Assignment: K-Means Data Analytics
Problem I
Distance is a key notion underlying many data mining algorithms, such as k-nearest neighbor (k-NN). Why can it be a problem to compare customers using regular Euclidean distance such as when they are described by age (in years), income (in dollars), and number of credit cards? How can this problem be fixed?
Problem II
You currently work for Aperture Science, a small company that sells information technology (IT) products. The lone data scientist at Aperture approaches you one day and proposes to use k¬-NN estimation to build a model to predict the IT budget of companies to identify potential new clients. They would like your help building and deploying the model.

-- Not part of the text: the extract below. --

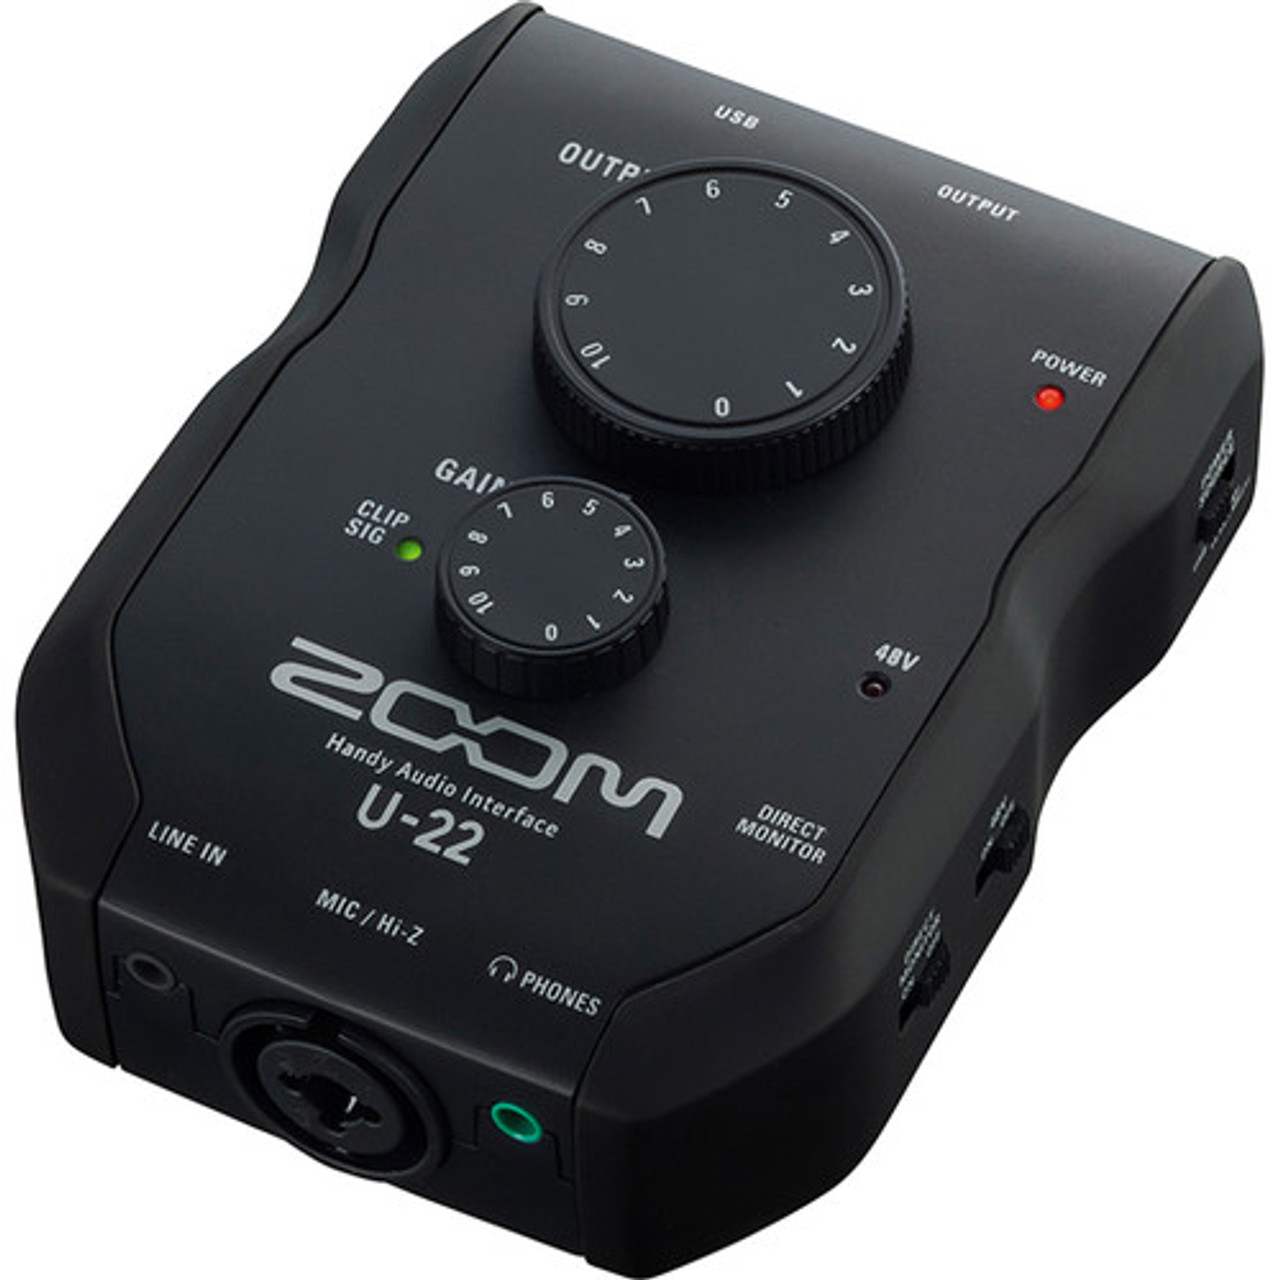 Zoom U-24 Handy Audio Interface, 2-channel Portable Usb Audio

The only data you have on hand is a sample of companies across the United States, which includes their IT budget for last year, their total revenue last year, their total number of employees last year, and their industry classification. This data will make up your database of potential neighbors. Ultimately,as a first true test of the model you want predict the IT budgetfor Acme Corp., a potential client for whom you do not know their IT budget (but you know their total revenue, number of employees, and industry classification).

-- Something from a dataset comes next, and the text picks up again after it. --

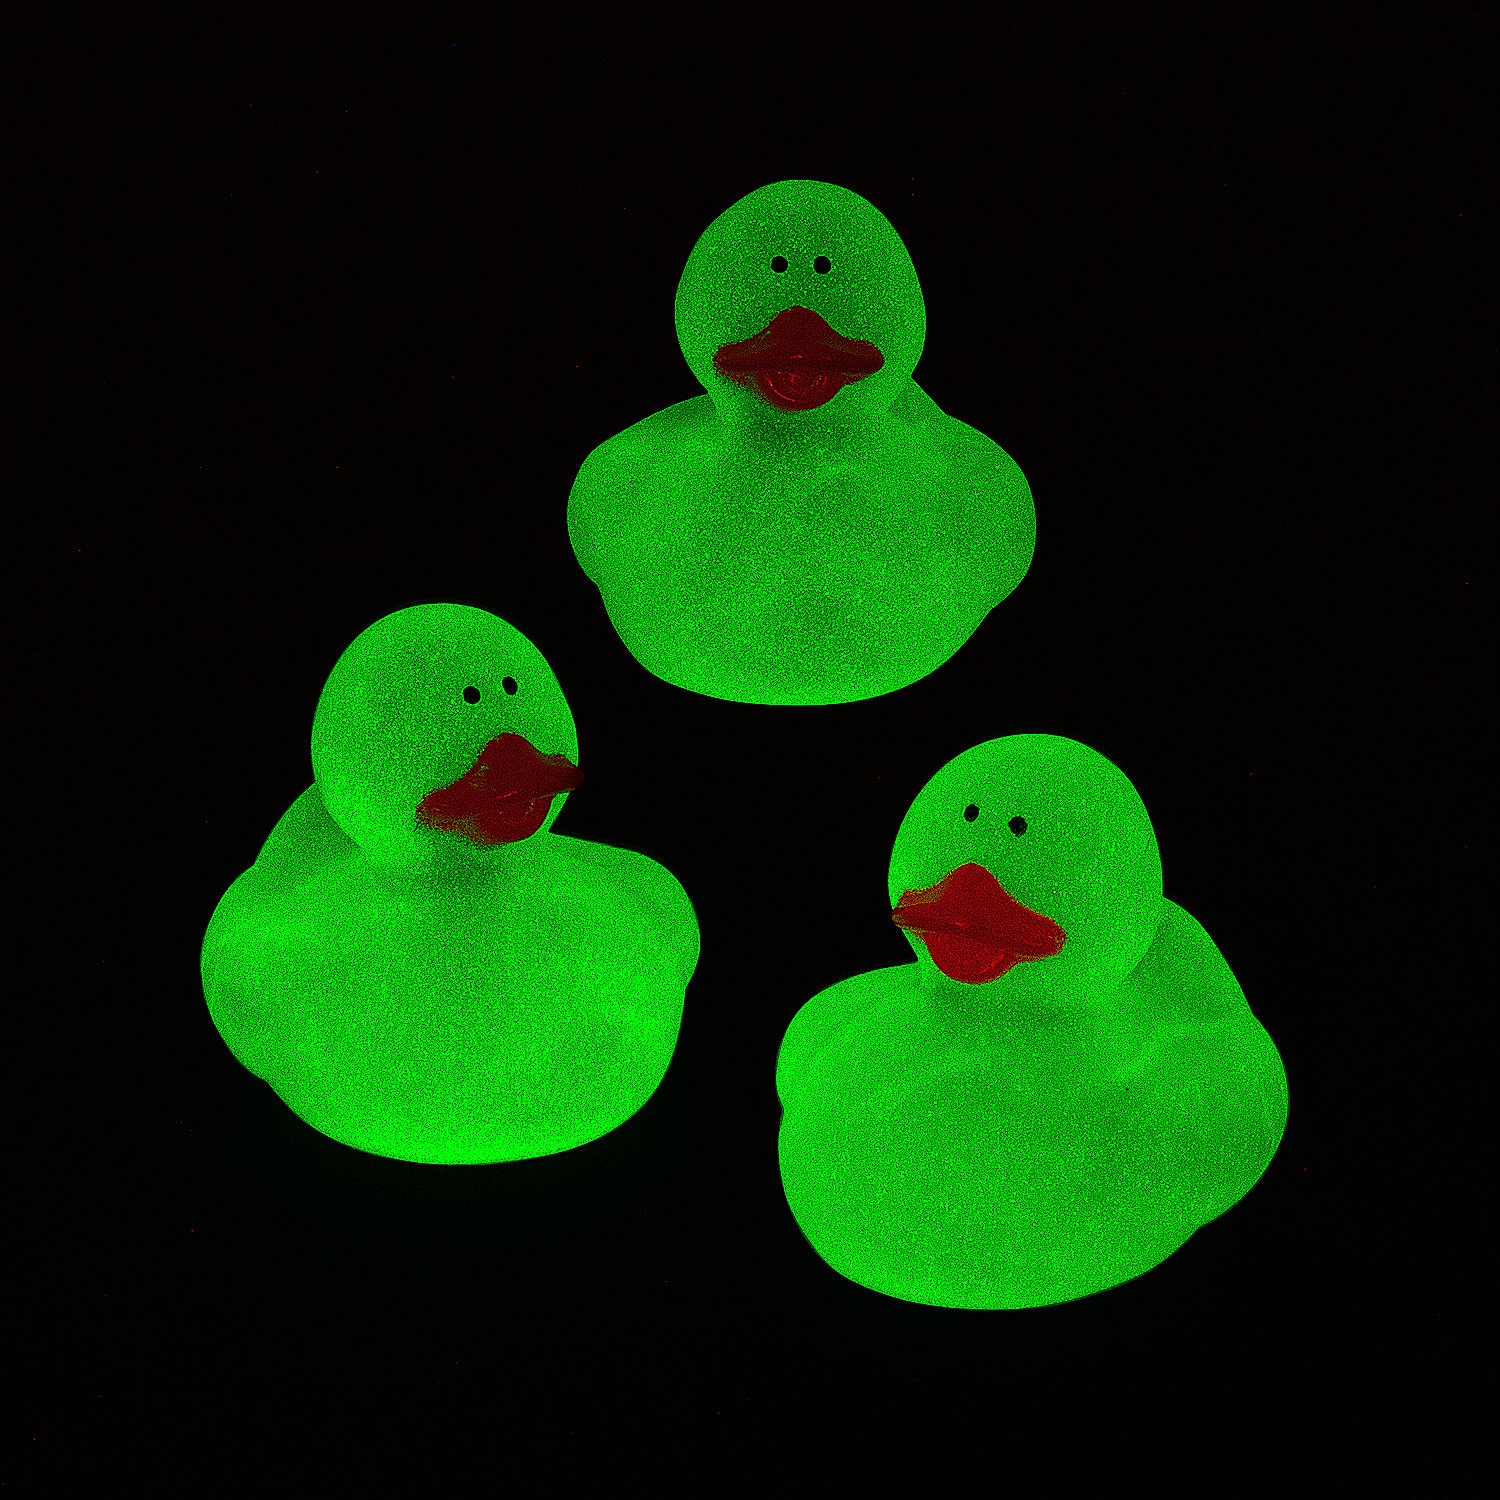 glow-in-the-dark-rubber-ducks-12-pc-_14113613-a01

i. Given the information above, explain how you could estimate Acme's IT budgetusing k-NN.
ii. If you chose k=N, the total number of training examples, what would be the effect?
Problem III
After seeing a presentation on the power of data mining and hearing about your past consulting work, you are approached to create a model for a university's admissions office. The members of the admissions review board just heard about a technique called "clustering", and they think it would be a good idea to try this technique on the newest batch of applying students for the upcoming academic year. By sorting applicants into groups, they believe it will be easier to then make application and recruiting decisions.
For confidentiality reasons, you are provided with only a few select attributes for each of the university's roughly 4,000 undergraduate applicants.
Attributes
i. hsgpa- the applicant's high school GPA (out of 4)
ii. sat - the applicant's SAT score (out of 1600)
iii. hsize - the size of the applicant's graduating class
iv. athlete - whether the student participated in high school athletics for at least 1 year
Task
i. Create a cluster model. Use the default k-means algorithm and set the number of clusters (k) to 3.Here is the model URL (you don't have to create it)
In about 5-8 sentences, briefly describe each of the 3 clusters and explain any overarching takeaways about the groups of applicants this university receives.
ii. Based on your findings in Part A, what type of supervised learning could help further explore the data and these clusters? Do you believe this would provide any meaningful information and do have any concerns about a university making application decisions using these types of models (supervised or unsupervised)? Explain why or why not
Format your assignment according to the following formatting requirements:
i) The answer should be typed, using Times New Roman font (size 12), double spaced, with one-inch margins on all sides.
ii) The response also includes a cover page containing the title of the assignment, the student's name, the course title, and the date. The cover page is not included in the required page length.
iii) Also include a reference page. The Citations and references must follow APA format. The reference page is not included in the required page length.